2018 Academy Class Details

Climate Change |

Discover what drives climate change and the impact of human activities during discussions with climate scientists such as Climate Central’s Chief Meteorologist, Bernadette Woods Placky.  Students of this class will:

  • Learn about the natural global cycles and processes that control earth’s climate and how it changes over time.
  • Perform experiments and use the data to investigate how human activities interact with global cycles to impact climate
  • Explore what scientific studies are being done with climate science professionals to understand climate change and what humans need to do to lessen the impact of their activities.

Environmental Field Science | 

Are you curious about the actions that scientists and environmental groups are taking to study and develop conservation efforts? Enjoy daily outings with the Watershed staff to visit local rivers and the Jersey shore.  Learn about the different studies, techniques, and conservation work in ecological field science by participating with academic and other professional groups.  Field trips and activities include:

  • Learn the instrumentation and methods for biological and chemical water profiling aboard the Rutgers University research vessel, R/V Rutgers, along the Raritan River and Bay.
  • Identify and survey fish populations along the Rariatan or Millstone Rivers with Rutgers fisheries biologists. Help haul a 300-foot seining net then do a fish species biodiversity survey of what is caught.
  • Explore bird and dune conservation work with the Gateway National Recreation Park Service at Sandy Hook. Depending on the timing and weather, students will participate in one or more activities such as Piping Plover nest/hatched chick survey and/or banding, dune vegetation or bird shelter restoration, or Osprey banding.
  • Sample and survey with ocean trawls to capture micro-plastics on beaches in Keyport, N.J., and alongside the NY/NJ Baykeepers.
  • Learn to survey forest health and help transplant trees, shrubs and other vegetation in one of the forest restoration projects on the Watershed Reserve.

Green Architecture & Energy | 

The key to a sustainable future lies in current and future generations learning how to construct and renovate structures in a way that we minimize our impact on the environment. Students will:

  • Work one-on-one with professional green architects, Michael Farewell & Jason Kliwinski.
  • Learn the basic principles, challenges and technologies associated with green architecture and renewable energy.
  • Investigate pre-existing structures on the Watershed Reserve and analyze how they could be made more sustainable.
  • Use physical & computer modeling to design the sustainable structure for an “environmental Client”.
  • Present projects to professionals and municipal leaders.

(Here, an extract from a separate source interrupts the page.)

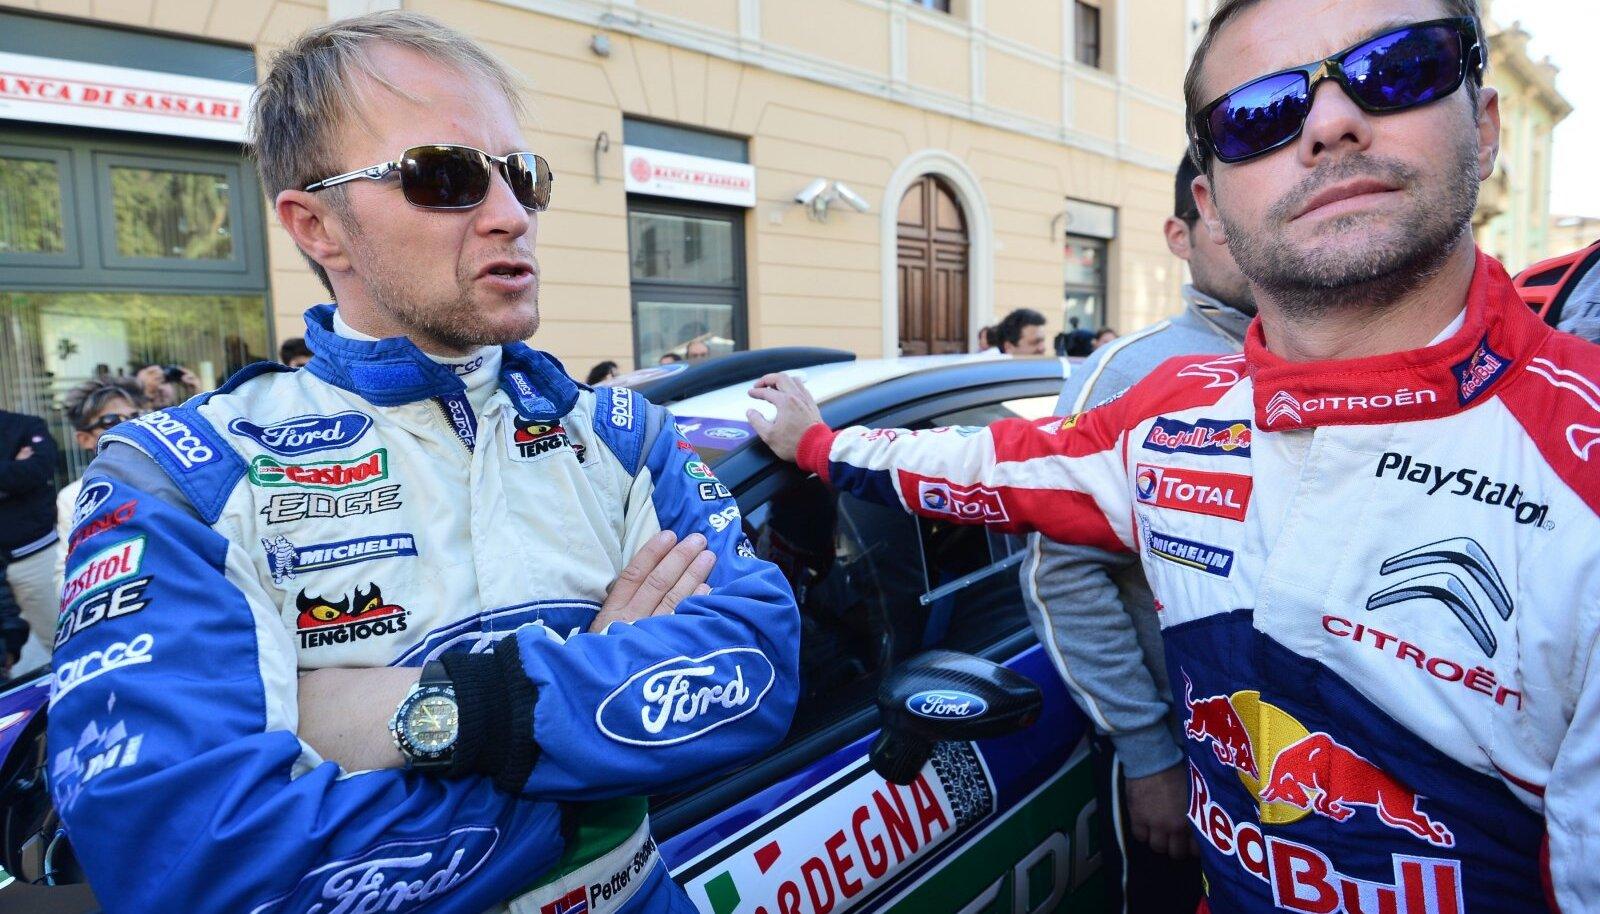 Petter Solberg ja Sebastien Loeb 2012. aastal.
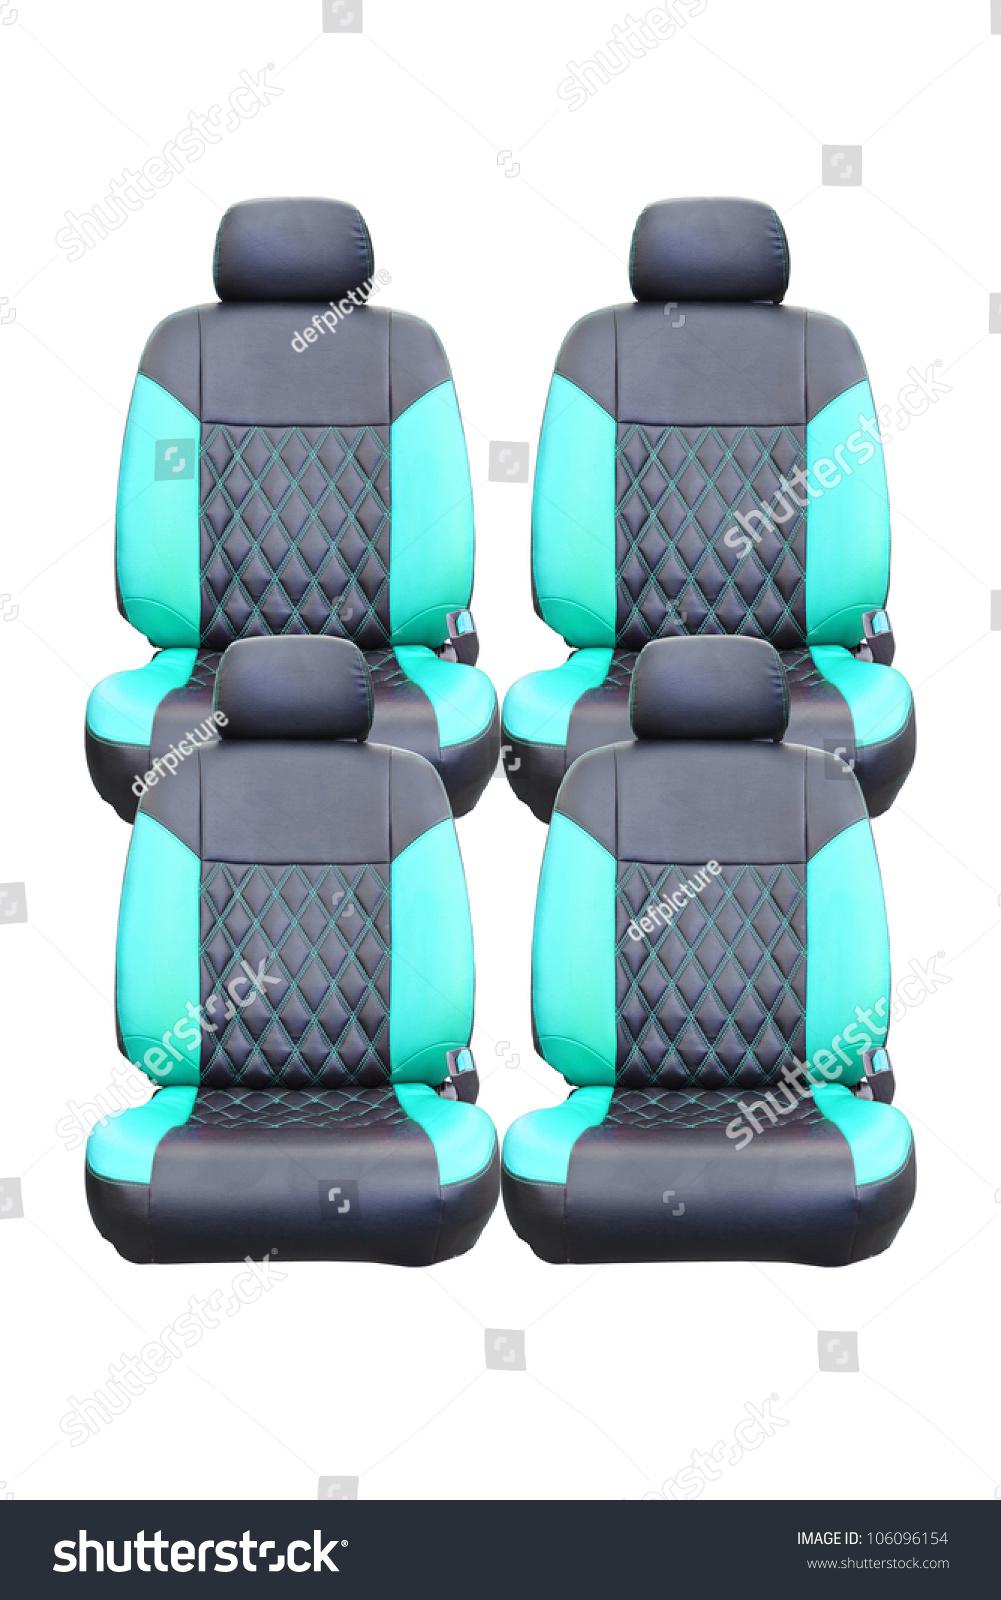 Convertible Car Seats At

Clean Water Academy | July 30–August 3

Join the Watershed’s Science Director, Steven Tuorto, PhD., to learn how rainwater mixes with nutrients, pesticides, fertilizers, and many other chemicals we use to create “people pollution”.  Also known as “non-point source pollution”, the mixing of these chemical into stormwater runoff is the most serious threat to the future of clean drinking water and healthy river & stream ecosystems.  Learn how the Watershed’s Science and Advocacy departments are working on projects that are paving the way for better laws and actions for managing rainwater to keep our watersheds healthy.

  • Investigate the sources and mechanisms for non-point source pollution.
  • Visit various stream locations and measure the pollution levels to investigate the impacts of urbanization and stormwater management on water quality.
  • Examine how managing rainwater in natural ways can help reduce pollution and flooding; visit places at the Watershed and in the community that have implemented these solutions.
  • Students will visit, assess, and design solutions to stormwater pollution using “green infrastructure” in the community as part of an ongoing Watershed research project funded by the NJDEP for stormwater pollution control.